Replacing the shaft on an iron is relatively straightforward. There will be a pin through the neck of the hosel; drive it out with a straight one-eighth-inch pin punch. A soft block of lead makes a nice cushion when you hammer down on a recalcitrant pin. After the pin is removed, and if the head is already loose, you may be able to twist it off. Otherwise you can persuade it with a rubber mallet.

Your rat-tail and flat bastard pay for themselves now. With the former you clean the old glue out of the cavity in the hosel. With the latter you shape the tip of the replacement shaft to fit the cavity. Before you glue it in, align the grain perpendicular to the clubface. "If the grain is parallel to the face," Livingston says, "the shaft can break."

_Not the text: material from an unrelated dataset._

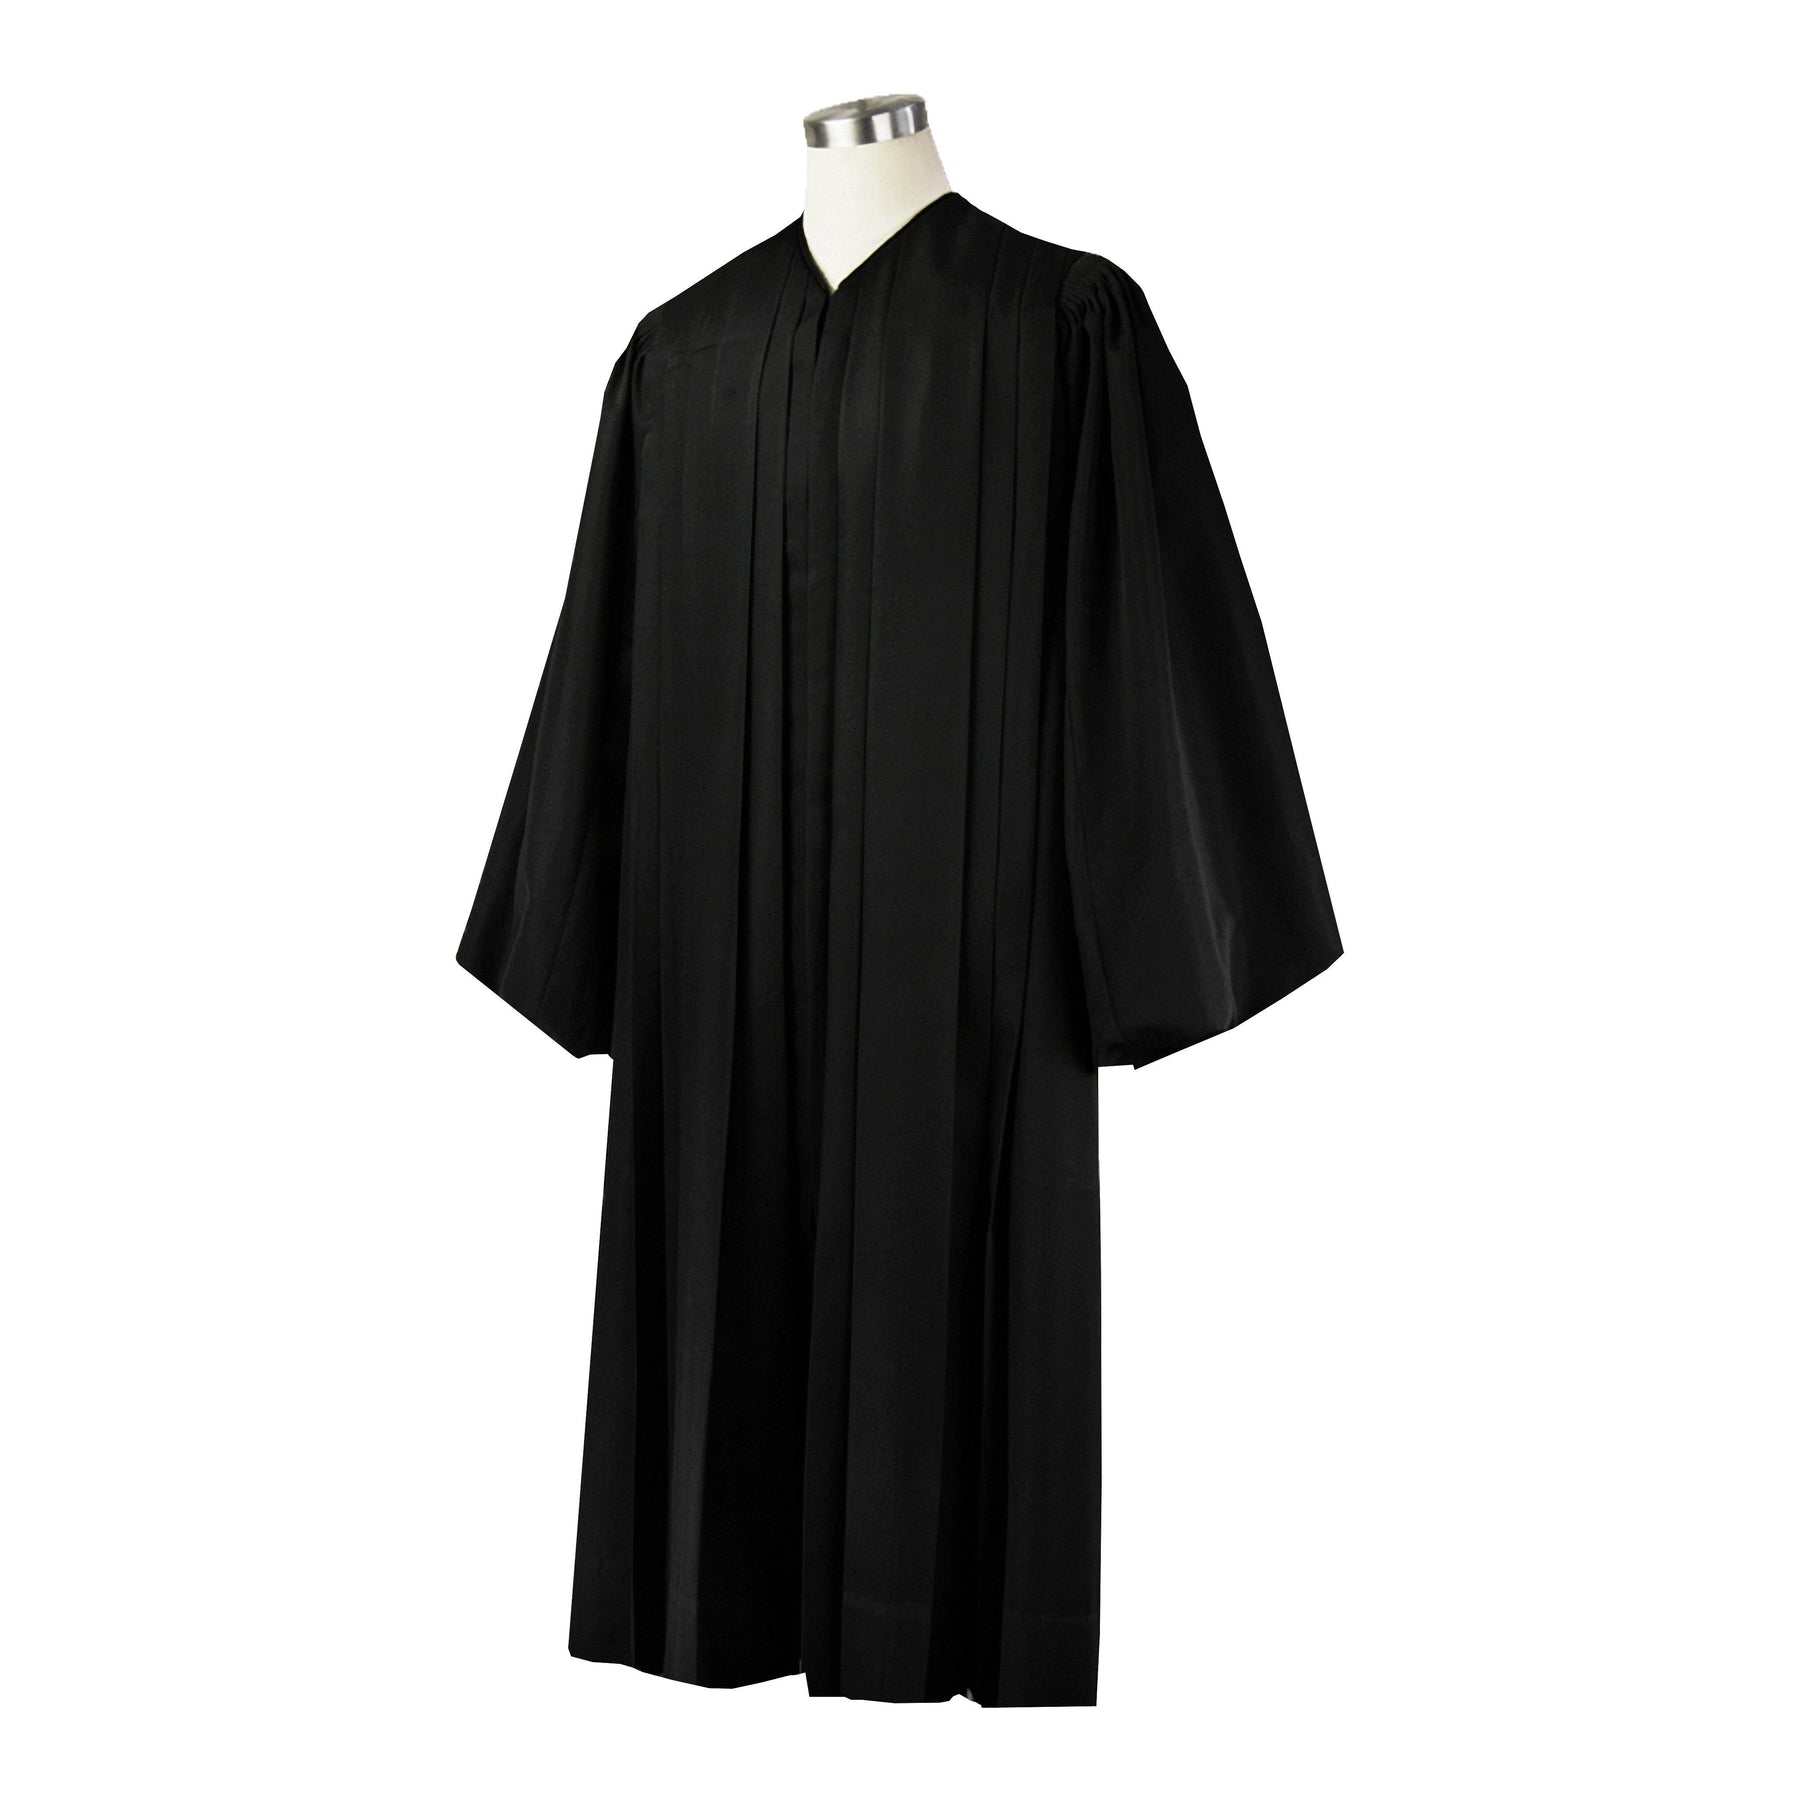 Juristic Judge Robe – Judicial Shop

A shaft can be spliced to the neck of a wooden clubhead by making two long flat diagonal cuts and matching the surfaces exactly. Flat bastard is your man here. Then apply Elmer's, fasten the two sides together with strapping tape and tighten hose clamps over the tape. While it dries, grab an iron, break out the steel wool and turn on a ball game.

Handle With Care
Grips are a gray area. Some of the earliest clubs had bare handles. In the eighteenth century, strips of wool were fastened with cord and nails. Late-nineteenth-century grips were sheepskin wound over a listing of wool. After 1900, the fashion was for hard-tanned leather or suedelike gusset leather, with friction tape as the listing, though crepe paper and linen were also used for listing.

Since grips can be expected to wear out faster than any other club component, it's not unusual for a grip to have been replaced on a hickory club that is otherwise original. Hobbyists can generally live with that, if the replacement is faithful to the materials of the time. Those materials are not always easy to come by. Livingston says that most leather skins today are polycoated for use in furniture and clothing and make for slippery grips. He buys "deer-tanned" calfskin, which is processed with oil and comes out slightly tacky.

Livingston spreads the skin over mat board and cuts "across the width, from the back to the belly" with a razor knife and a four-foot steel ruler. If he does it right he gets a twenty-nine-inch strip that steadily tapers from one and five-eighth inches to one and one-fourth inches. Of course, he's a pro. For the rest of us, precut strips from golfforallages.com will suffice.

They do not necessarily have to be brown. Livingston has a 1920s catalog from something called the St. Andrews Golf Co., in which precut calfskin, pigskin and rubber grip strips are offered in red, violet and green in addition to black and brown. When he unwraps old grips that have darkened with age, Livingston often finds similar colors lurking underneath. In that way his work with old hickories' handles is a microcosm of the subtleties of club restoration: You can't judge a grip by its cover.